# My 50 kick challenge



## UrbanChino1 (Jan 7, 2013)

Hey guys new to the site saw a video spot and just wanted to post my 50 kick challenge attempt haha. Personally i think i coulda done better, i plan on trying again later on. Haha oh and it would be cool if anyone wanted to subscribe too!


----------



## Gentle Fist (Jan 7, 2013)

Got dizzy watching that     I think you can shave some time off that as well...  good post!


----------



## UrbanChino1 (Jan 7, 2013)

Thank you! Also if anybody has critics go for it I really wanna improve, i'm actually kinda mad at the way i slowed down so much around the 30 kick mark. Haha you never really notice it when your doing it, but then you record it....


----------



## Aiseant (Jan 8, 2013)

Hi UrbanChino1

Nice doing, even if I don't know for how long you've been praticing 

From a tkd point of view ... 
I wouldn't have put "amazing" in the title, since this kind of stuff is part of normal training in my dojang, sry
Imho, you're slowing down because your leg is heavy, and your leg is heavy because you're not arming the leg 'correctly' : if you raise the knee first, then extend the leg, then back to knee, you'll spend less energy to raise the leg, so you'll be able to keep on for much more longer. Pure mechanic or physic stuff, we cannot fight that. Using the right technic will slow you down at first, but with work, it'll be more efficient and you'll find your speed again. If you want to go to 100 after your 50, you'll have no other choice.
We can see it's difficult to lift the leg when we're looking at the way you're moving your arms and the way you're trying to compensate the weight with your upper body. 
And this lead you to have a poor guard, and a strange stance. Your body needs to be much more straight, you're breaking your energy line and it feels painful to watch you for a long time

As I said, I don't know for how long you're praticing, so please don't take my message wrong : I don't intend it to be negative, I'm just frankly answering your demand of critics to improve. If you're new at MA, this is really good job. If you're not, I would suggest you to slow down, stop worrying about your speed and take time to perfect the movement. And then, you'll be able to do it very fast many times.


Nice vid anyway, keep working


----------



## UrbanChino1 (Jan 8, 2013)

only for about 3 years or so, I put the amazing part to get more viewers, since people are more likely to click if you have amazing or isane haha.

And no i appreciate the advice ALOT! Tho i'm a Thai fighter i'll make sure to remember all this for the next time i do it!

Edit: Also i have done a about a year of taekwondo and like 5-6 monthes of capoeira.
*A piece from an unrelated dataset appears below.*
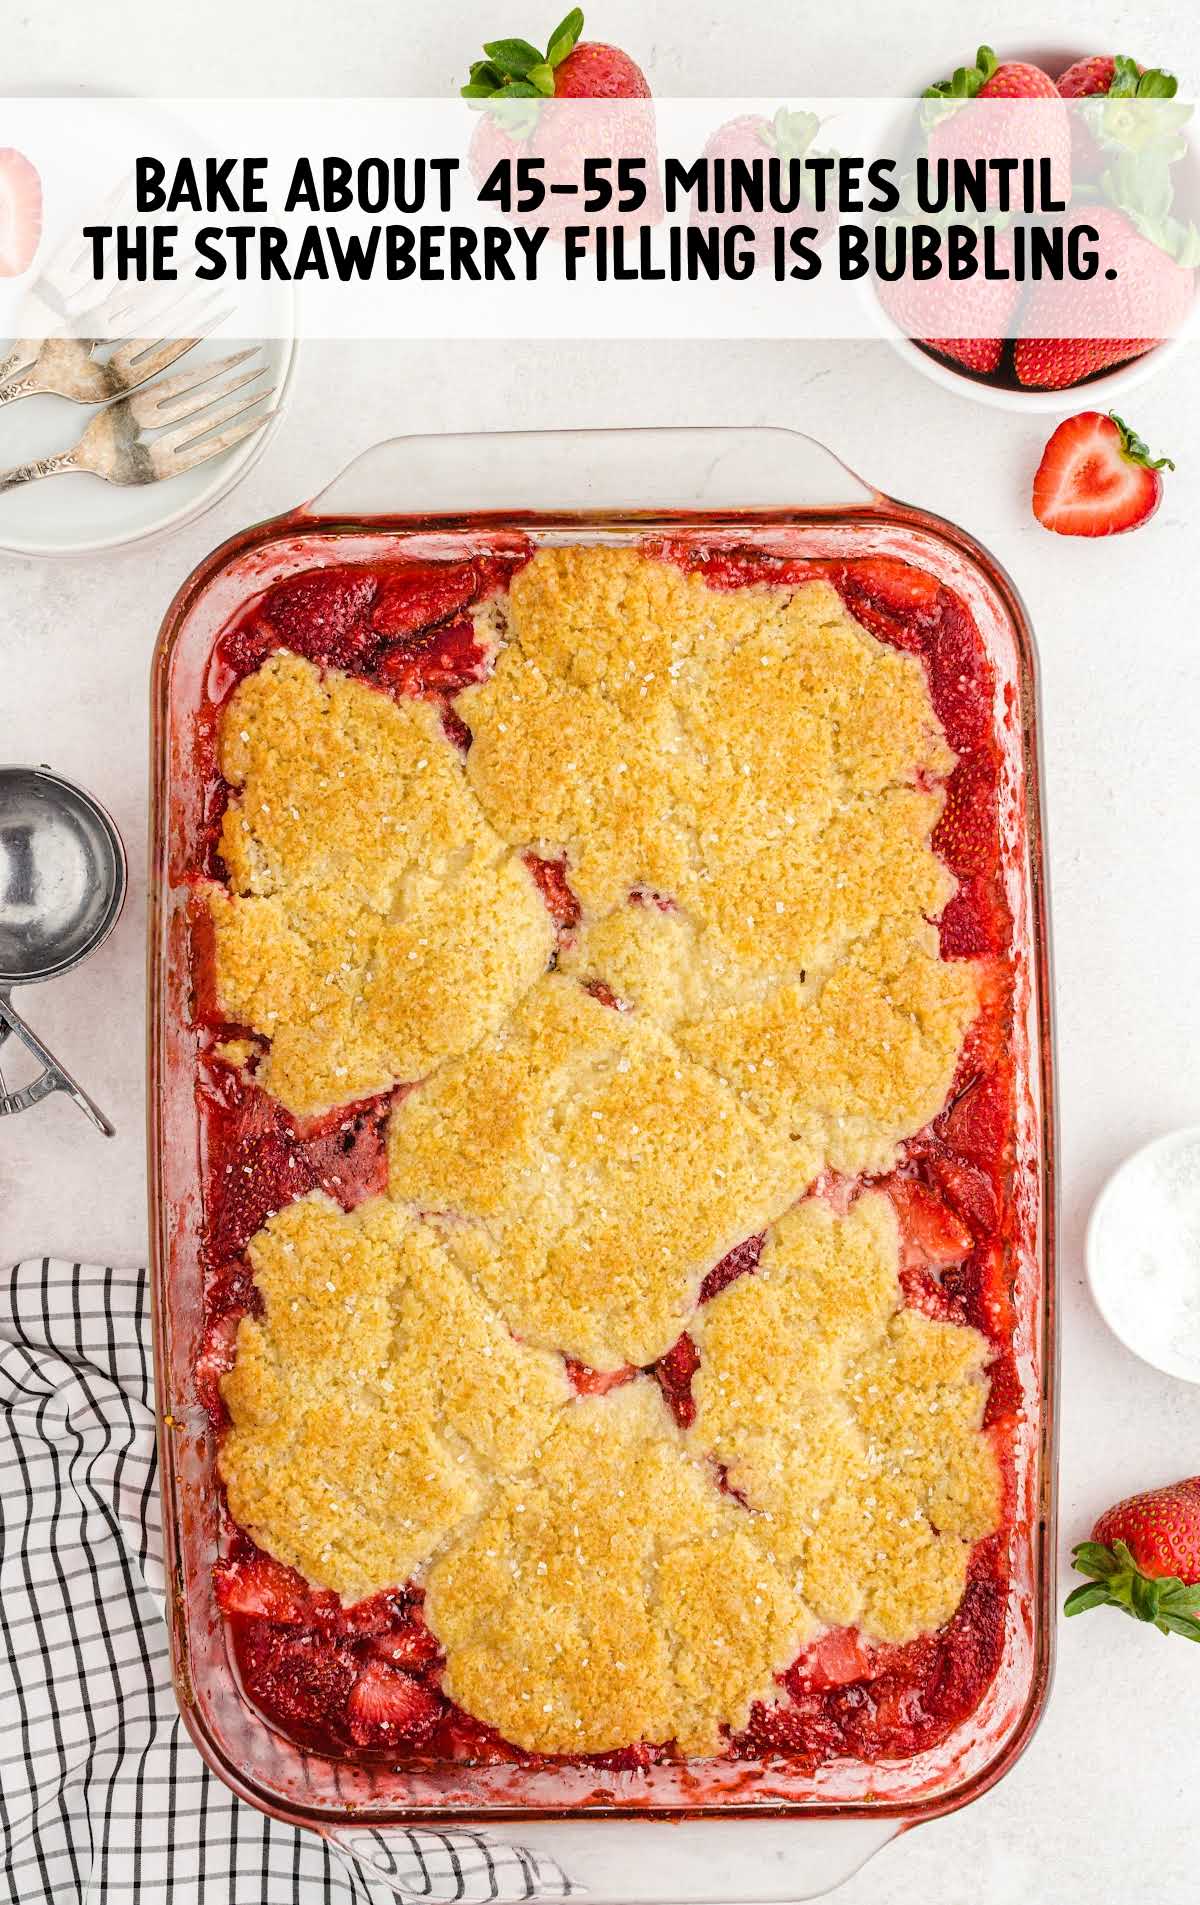 Strawberry Cobbler baked in a baking dish
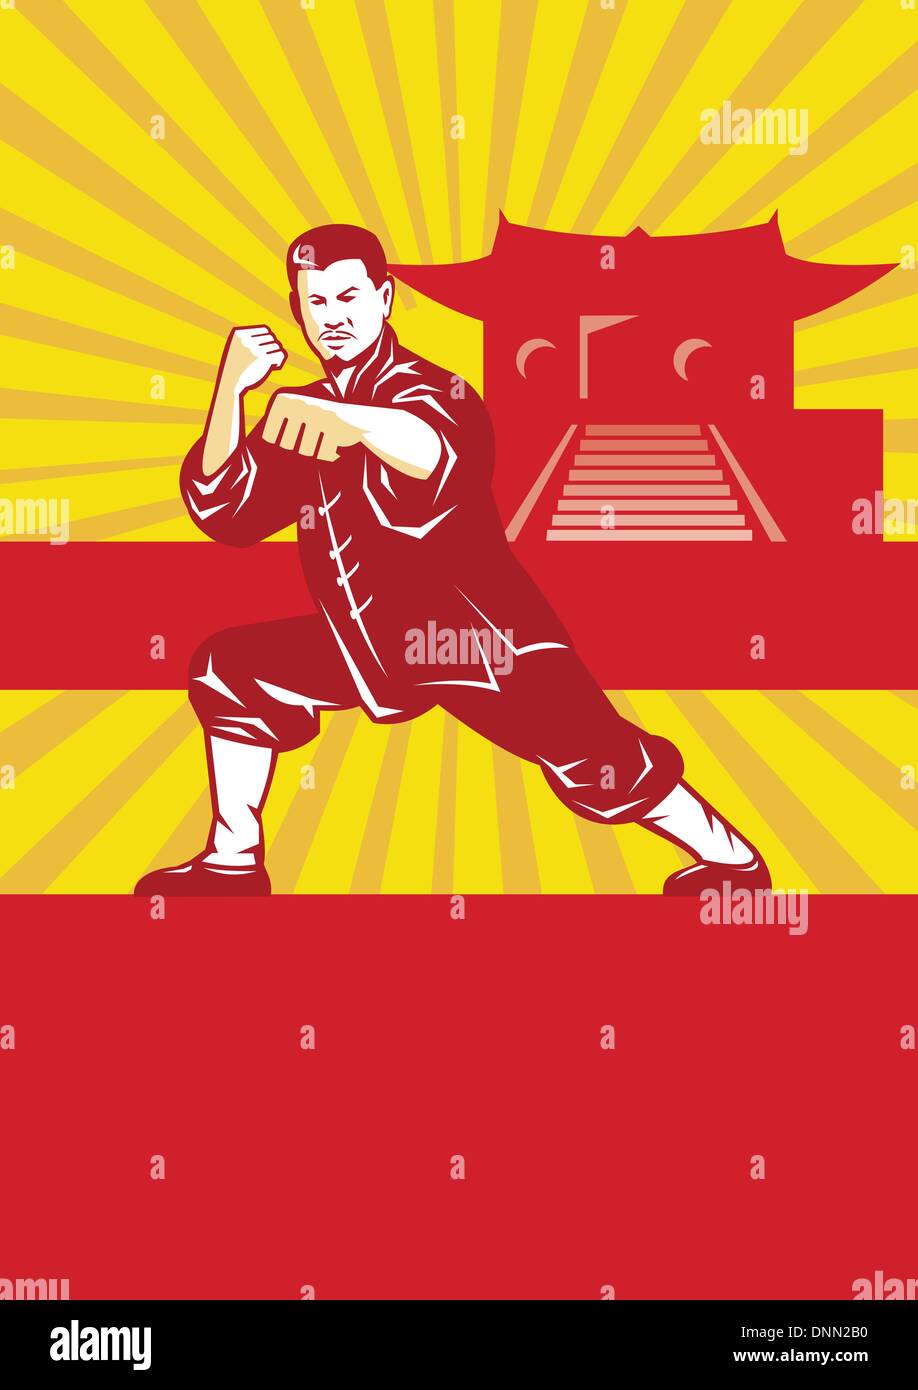 Illustration of shaolin kung fu martial arts karate master in fighting stance with temple and sunburst in background set inside Stock Vector

I'll try the whole using your knee first, but it's a lot different from the taekwondo paddles, before i tried doing it with snap kicks and it doesn't really hit the pads as hard since it has to be the shin.


----------



## Cyriacus (Jan 8, 2013)

Two things: 
1; Your leg gets tired. I mean, duh. But if you can make that happen later on towards the end, all the better 
2; You tuck your head down - Not your chin, your whole head. Its from tightening up from the upper back. Sit bolt upright in your chair, then lean forward and down a bit. Feel the part of your upper back that rotates? Try to limit that a bit. Your head can move, but the back bending in doesnt exactly help.
3; Take a very short step with your lead leg first. You might be doing that already, but its hard to see with the camera moving around and the ground all looking the same 

PS:
Your kick itself is fine. Its a Thai Kick, not a TKD Kick. Different body mechanics, different technique. Dont worry about that.
If you try to slow down, your technique might improve, but people like me, for example, learn better by only slowing down to correct one thing, spending 10 minutes on it, then cutting back to full out. Its personal preference.


----------



## UrbanChino1 (Jan 8, 2013)

Cyriacus said:


> Two things:
> 1; Your leg gets tired. I mean, duh. But if you can make that happen later on towards the end, all the better
> 2; You tuck your head down - Not your chin, your whole head. Its from tightening up from the upper back. Sit bolt upright in your chair, then lean forward and down a bit. Feel the part of your upper back that rotates? Try to limit that a bit. Your head can move, but the back bending in doesnt exactly help.
> 3; Take a very short step with your lead leg first. You might be doing that already, but its hard to see with the camera moving around and the ground all looking the same
> ...



Thanks this really helped alot! And yea sorry about the camera haha you can kinda see at the beggining i do the short step. Yeah after you mentioned i noticed the whole head down thing also and my back tightening up and i started bending in instead. THANKS! It's weird cause i do my regular round kicks fine but my form changes when i do speed kicks. This really helped alot! I planned on redoing this, this sunday. Also i really apologize for my grammar haha i know it probably pisses some of you off lol. I'll definitely remember all this. Btw this video was about 5 weeks ago, I just didn't upload it onto the channel til lately.


----------



## Cyriacus (Jan 9, 2013)

UrbanChino1 said:


> Thanks this really helped alot! And yea sorry about the camera haha you can kinda see at the beggining i do the short step. Yeah after you mentioned i noticed the whole head down thing also and my back tightening up and i started bending in instead. THANKS! It's weird cause i do my regular round kicks fine but my form changes when i do speed kicks. This really helped alot! I planned on redoing this, this sunday. Also i really apologize for my grammar haha i know it probably pisses some of you off lol. I'll definitely remember all this. Btw this video was about 5 weeks ago, I just didn't upload it onto the channel til lately.


As long as your sentences make sense your grammars fine 

Your form wouldnt be as good with speed because when you try to go fast, not you specifically, you tend to overthink it at first. To put it another way, notice how the second and third kick are faster than the first? Yeah.


----------



## UrbanChino1 (Jan 9, 2013)

Thats true. It was actually my first time trying to go for a certain number usually it would just be go for however long my place tells us, fast as you can then switch legs and repeat. I will pay extra attention to making sure the form is good, i'll try to have my friend film from the other side also, hoping to shave off atleast 2-3 seconds.


----------